● **Your assignment**: Would you please repeat the lines in the listing below from the one containing "Adjustability: the rod" through the final one, exactly as they appear?

● **Input data**:
■ ■ ■ ■ ■ ■ ■
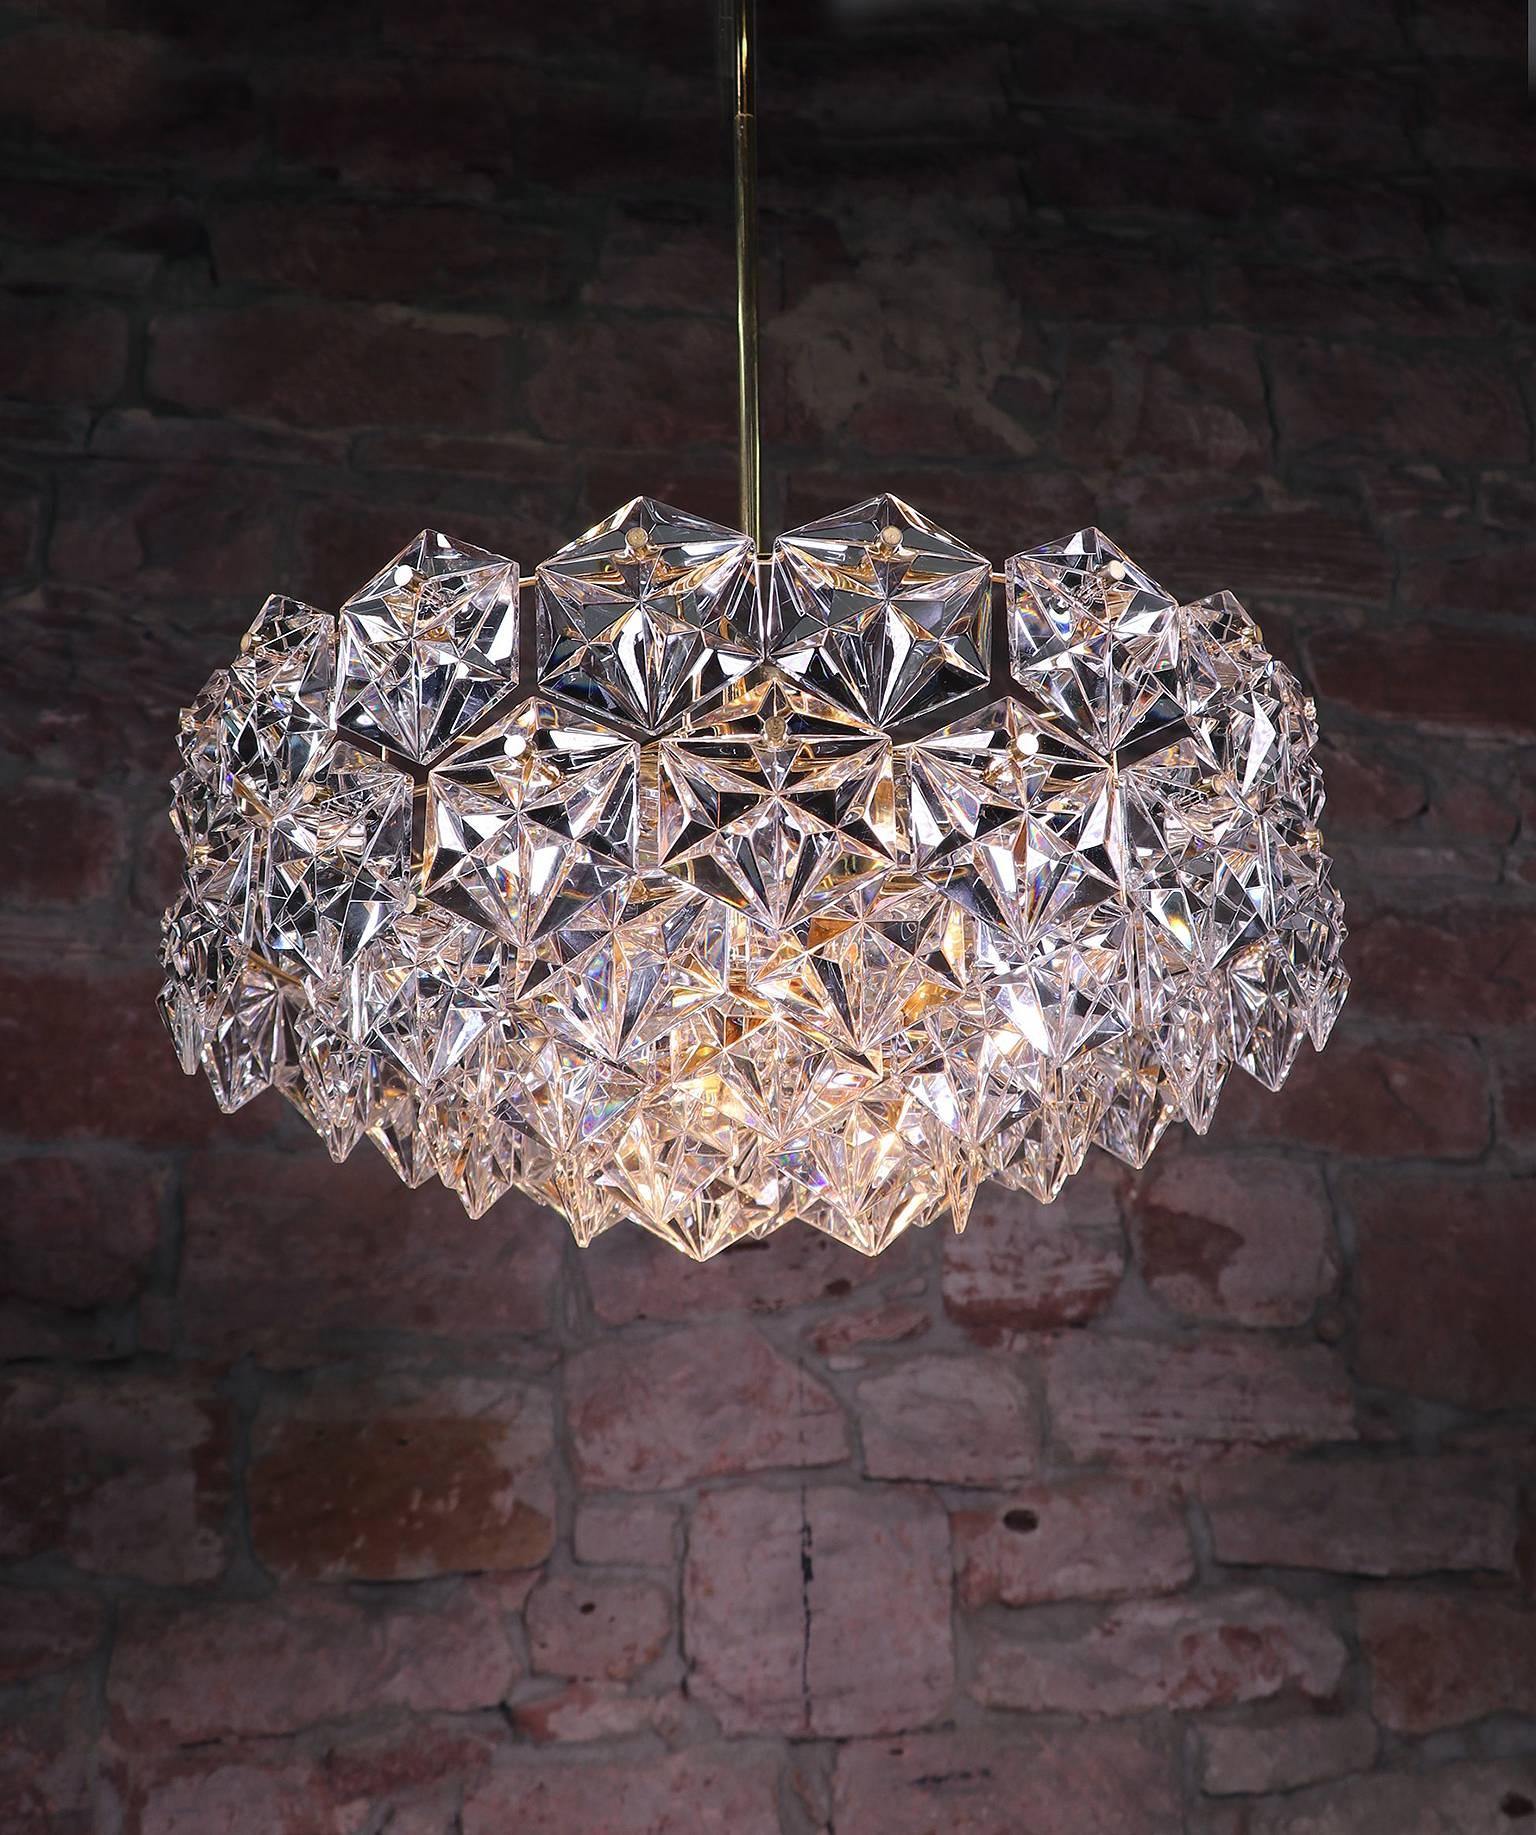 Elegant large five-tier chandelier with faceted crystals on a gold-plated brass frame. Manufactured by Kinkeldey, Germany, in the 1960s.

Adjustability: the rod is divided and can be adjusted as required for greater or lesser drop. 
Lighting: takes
■ ■ ■ ■ ■ ■ ■
● **Response box**:
Adjustability: the rod is divided and can be adjusted as required for greater or lesser drop. 
Lighting: takes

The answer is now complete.